On Behalf of | Aug 15, 2019 | Elder Law |

In a June 2019 report, the Office of Inspector General, part of the U.S. Department of Health and Human Services, announced the findings of its investigation into nursing home failure to report potential abuse and neglect when the law requires mandatory reporting. Looking at 2016 emergency room data, auditors extrapolated that at least 6,600 incidents of possible abuse or neglect presented to doctors in the ER went unreported by nursing homes to oversight authorities, reports the Associated Press.

This means that in almost one in five suspicious ER visits by Medicare recipients living in nursing homes, the nursing facilities did not report that elder abuse and neglect might have been involved, as required by law. The investigation also revealed that involved government agencies did not always report “substantiated abuse” to local law enforcement officials.

The report describes the challenge of determining how often something did not happen, which, of course, is not recorded anywhere. The auditors looked at billing codes that could point to abuse or neglect as the reason the seniors ended up in the ER (gangrene, shock, fractures and others). The federal auditors then worked with state inspectors to come up with an accurate estimate of how often mandatory reporting was not occurring.

The bottom line of these disturbing findings is that too often, elder abuse and neglect in nursing homes are not reported, investigated and prosecuted.
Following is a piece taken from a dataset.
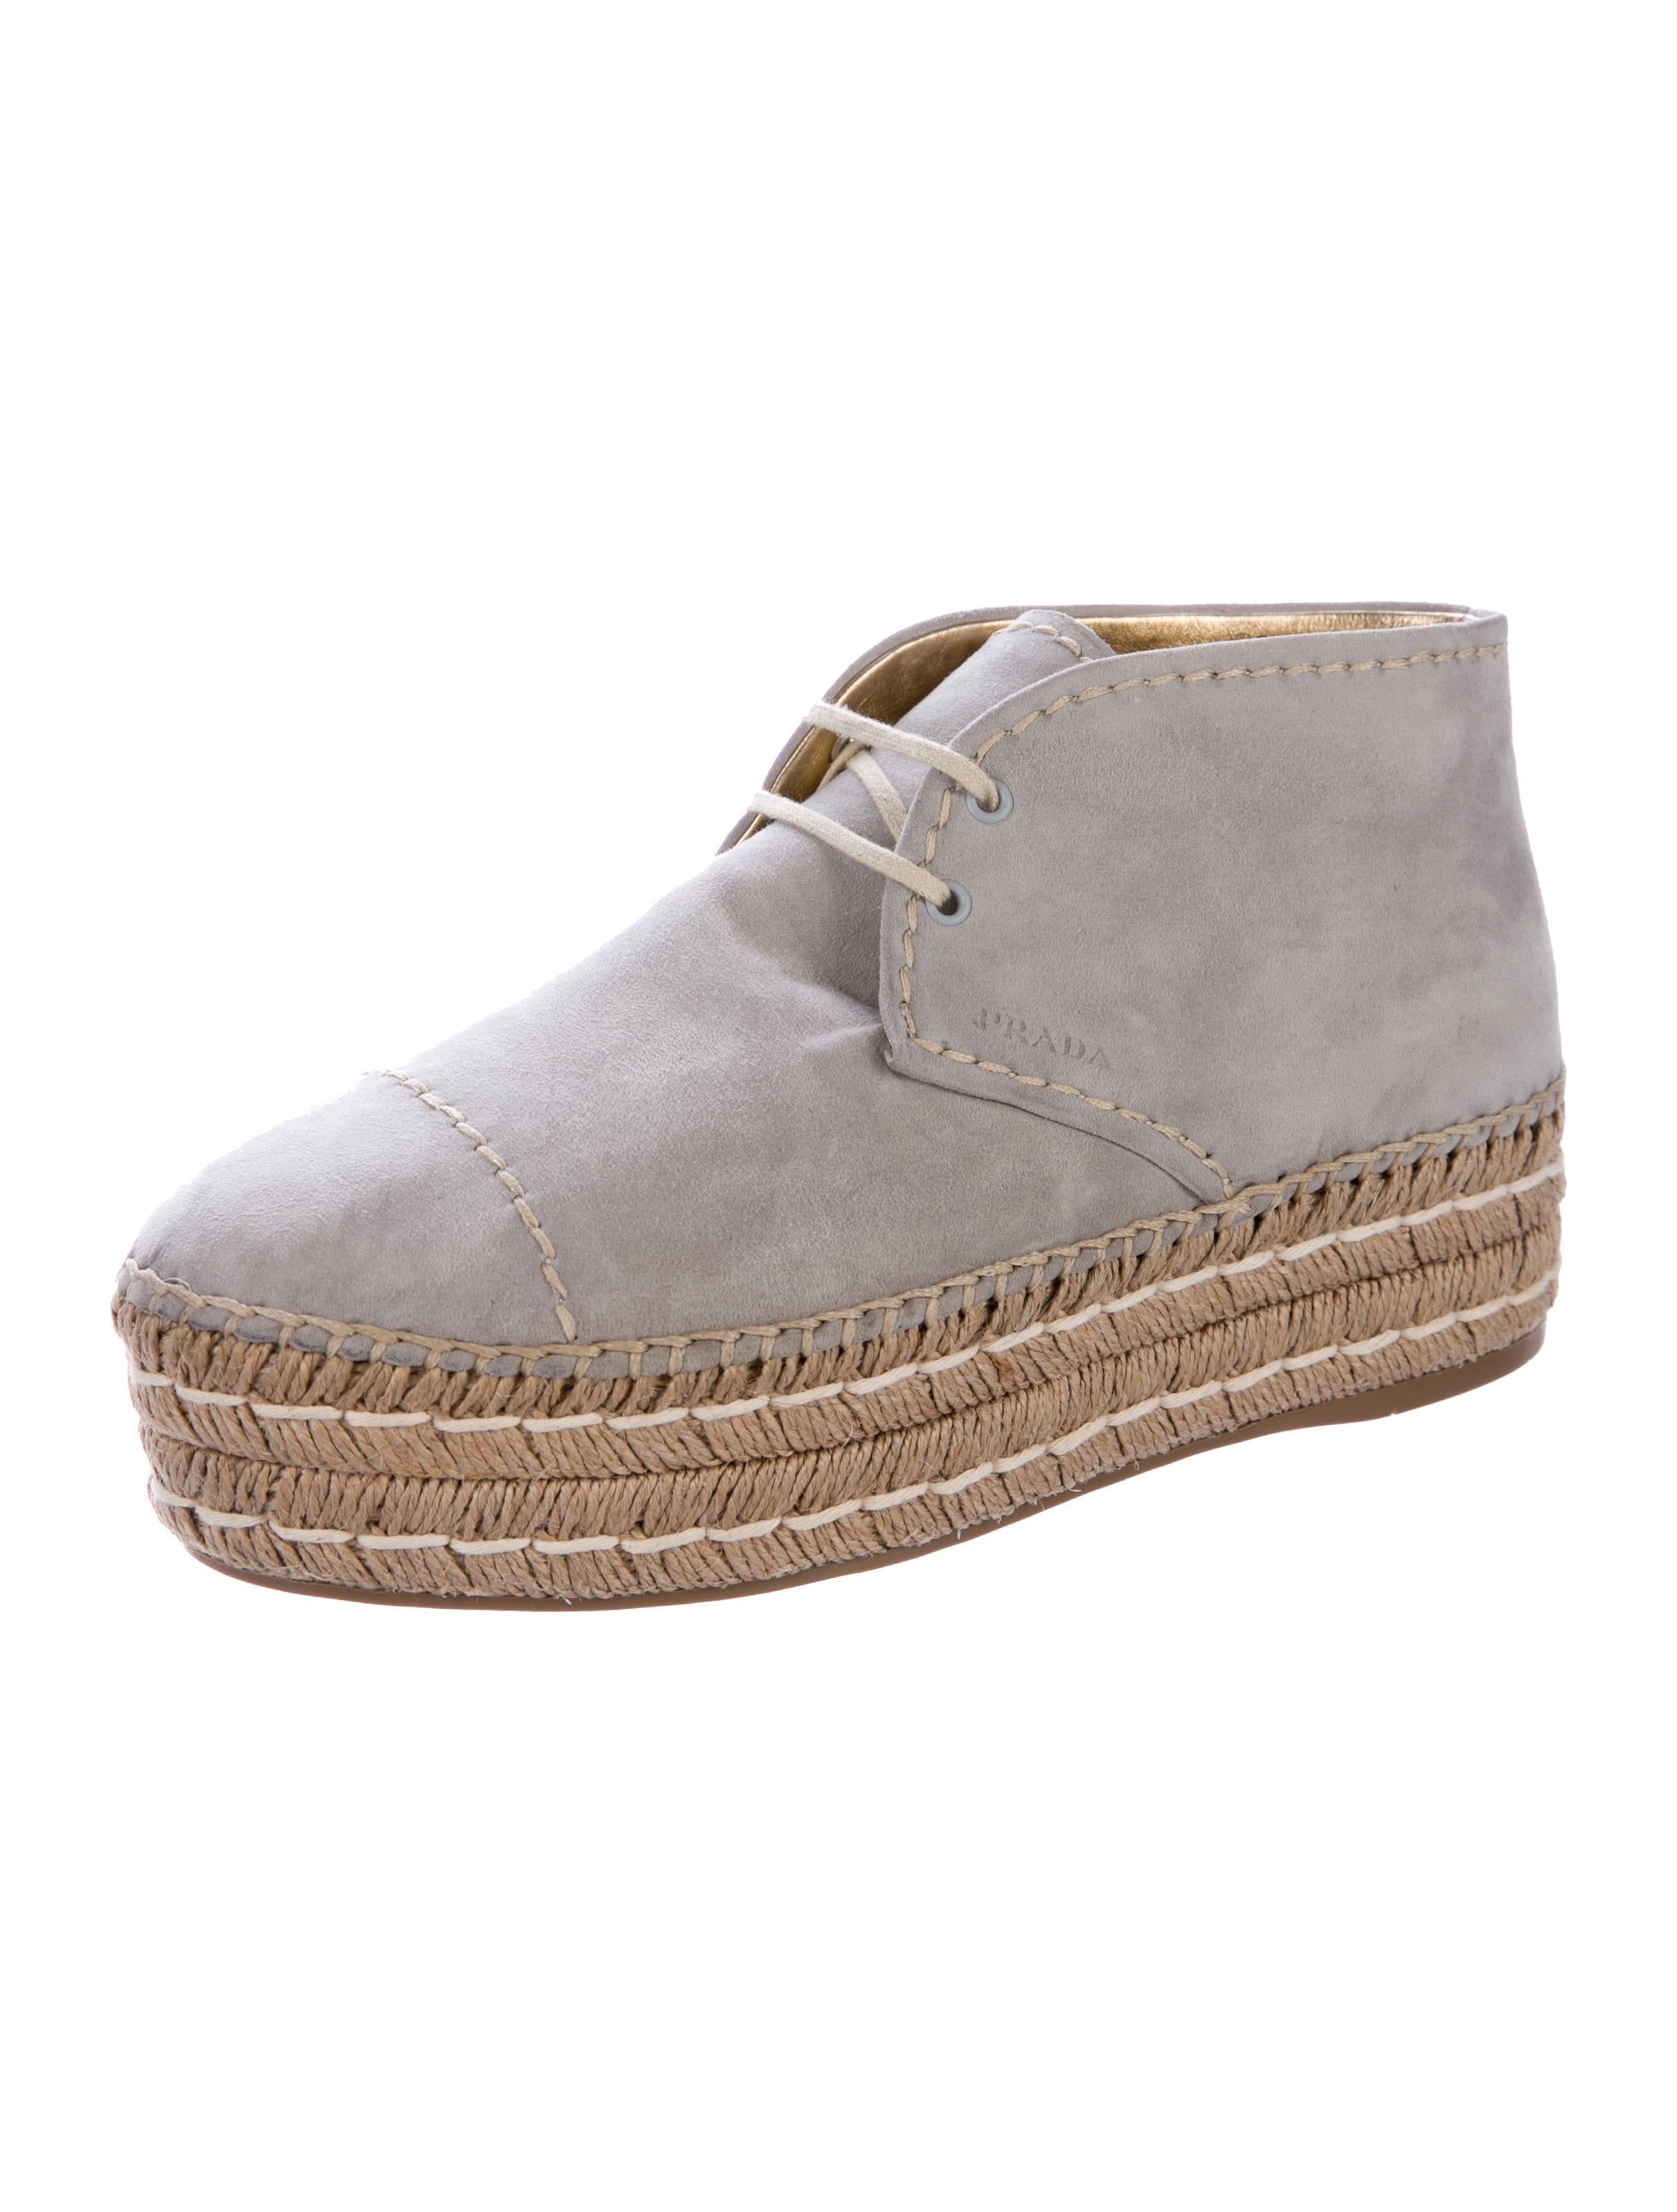 prada suede espadrille chukka boots shoes pra160278
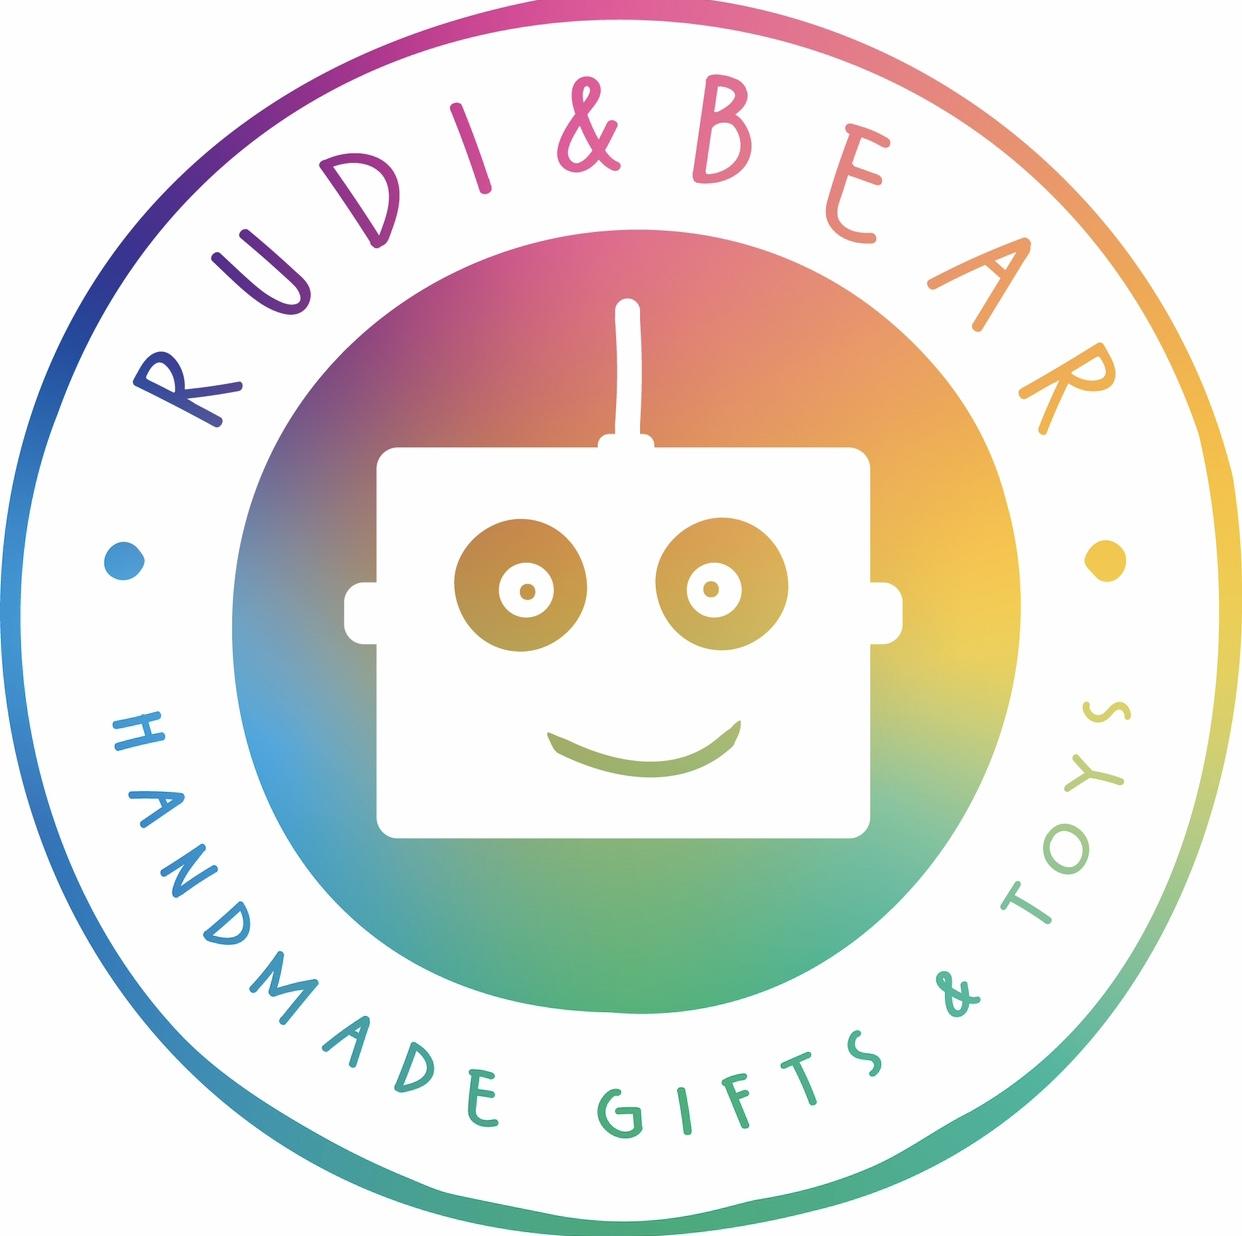 Rudi and Bear 's logo

This likely means that nursing home employees who might be responsible for injury and neglect are not identified by government agency or law enforcement investigations, so dangerous staff members stay on and internal practices continue, putting more vulnerable elders at risk.

AP reports that the Centers for Medicare and Medicaid, or CMS, is stepping up its nursing home oversight, but in the meantime, any Coloradan who suspects abuse or neglect of a loved one in a nursing home should call emergency services for acute injury or seek medical treatment and then seek information about legal options for seeking justice.